# Confusion about tensor fields taking values in vector fields rather than functions

I'm beginning with tensorial calculus and I have some questions. Let $$(M,g)$$ a riemannian manifold with $$\nabla$$ his Levi Civita connection. The curvature tensor $$R$$ is defined as

\begin{align*} R : \mathfrak{X}(M) \times \mathfrak{X}(M) \times \mathfrak{X}(M) &\to \mathfrak{X}(M)\\ (X,Y,Z) &\mapsto R(X,Y)Z \end{align*}

where

$$R(X,Y)Z = \nabla_X \nabla_Y Z - \nabla_Y \nabla_X Z - \nabla_{[X,Y]}Z.$$

In all books of differential geometry, they said that $$R$$ is a $$(1,3)$$ tensor but I don't know why, because a $$(1,3)$$ tensor is a multilinear map

$$\Omega^1(M) \times \mathfrak{X}(M) \times \mathfrak{X}(M)\times\mathfrak{X}(M) \to C^\infty(M).$$

I think that I don't understand any concept or because for example, let $$X \in \mathfrak{X}(M)$$, then $$\nabla X : TM \to TM$$, $$(\nabla X)(v_p) = \nabla_{v_p}X$$, is a $$(1,1)$$ tensor field and I don't know why.
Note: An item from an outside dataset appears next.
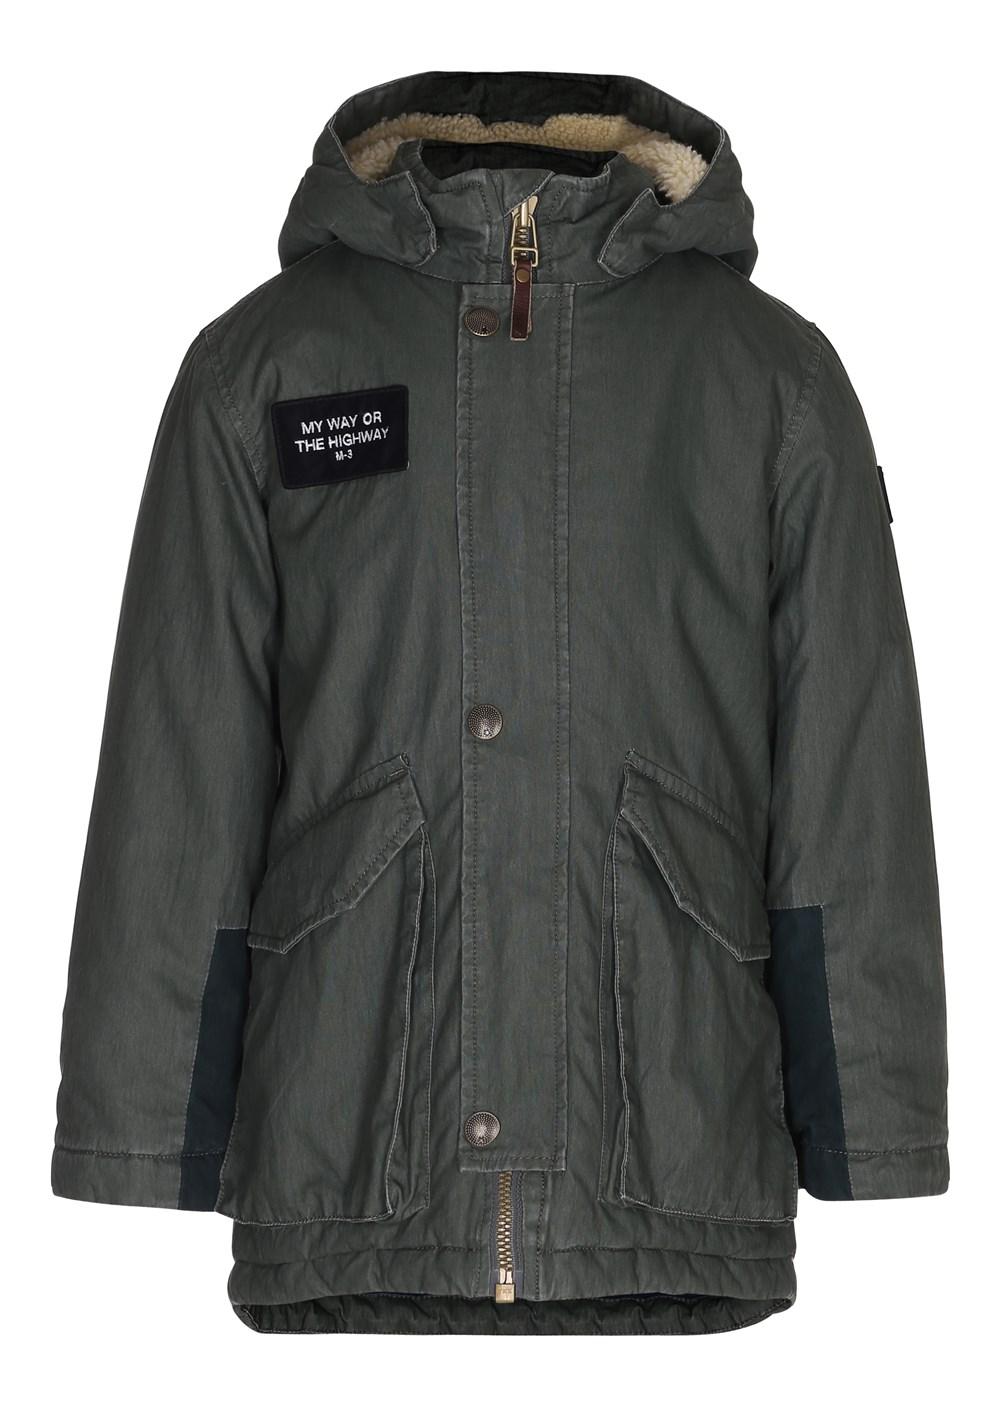 Hewson - Deep Silver Pine - Hewson parka jacket - Deep Silver Pine - Molo

$$\textbf{Remark}$$: $$\Omega^1(M)$$ is the set of all 1-forms, $$\alpha : M \to TM^*$$.

A $$(p, q)$$-tensor field on a smooth manifold $$M$$ is a $$C^{\infty}(M)$$-multilinear map $$T : \Omega^1(M)^p\times\mathfrak{X}(M)^q \to C^{\infty}(M)$$.
Given a $$C^{\infty}(M)$$-multilinear map $$S : \Omega^1(M)^p\times\mathfrak{X}(M)^q \to \mathfrak{X}(M)$$, there is an associated $$(p + 1, q)$$-tensor field $$T : \Omega^1(M)^{p+1}\times\mathfrak{X}(M)^q \to C^{\infty}(M)$$ defined by
$$T(\beta, \alpha^1, \dots, \alpha^p, X_1, \dots, X_q) := \beta(S(\alpha^1, \dots, \alpha^p, X_1, \dots, X_q)).$$
Likewise, given a $$C^{\infty}(M)$$-multilinear map $$S : \Omega^1(M)^p\times\mathfrak{X}(M)^q \to \Omega^1(M)$$, there is an associated $$(p, q + 1)$$-tensor field $$T : \Omega^1(M)^p\times\mathfrak{X}(M)^{q+1} \to C^{\infty}(M)$$ defined by
$$T(\alpha^1, \dots, \alpha^p, Y, X_1, \dots, X_q) := (S(\alpha^1, \dots, \alpha^p, X_1, \dots, X_q))(Y).$$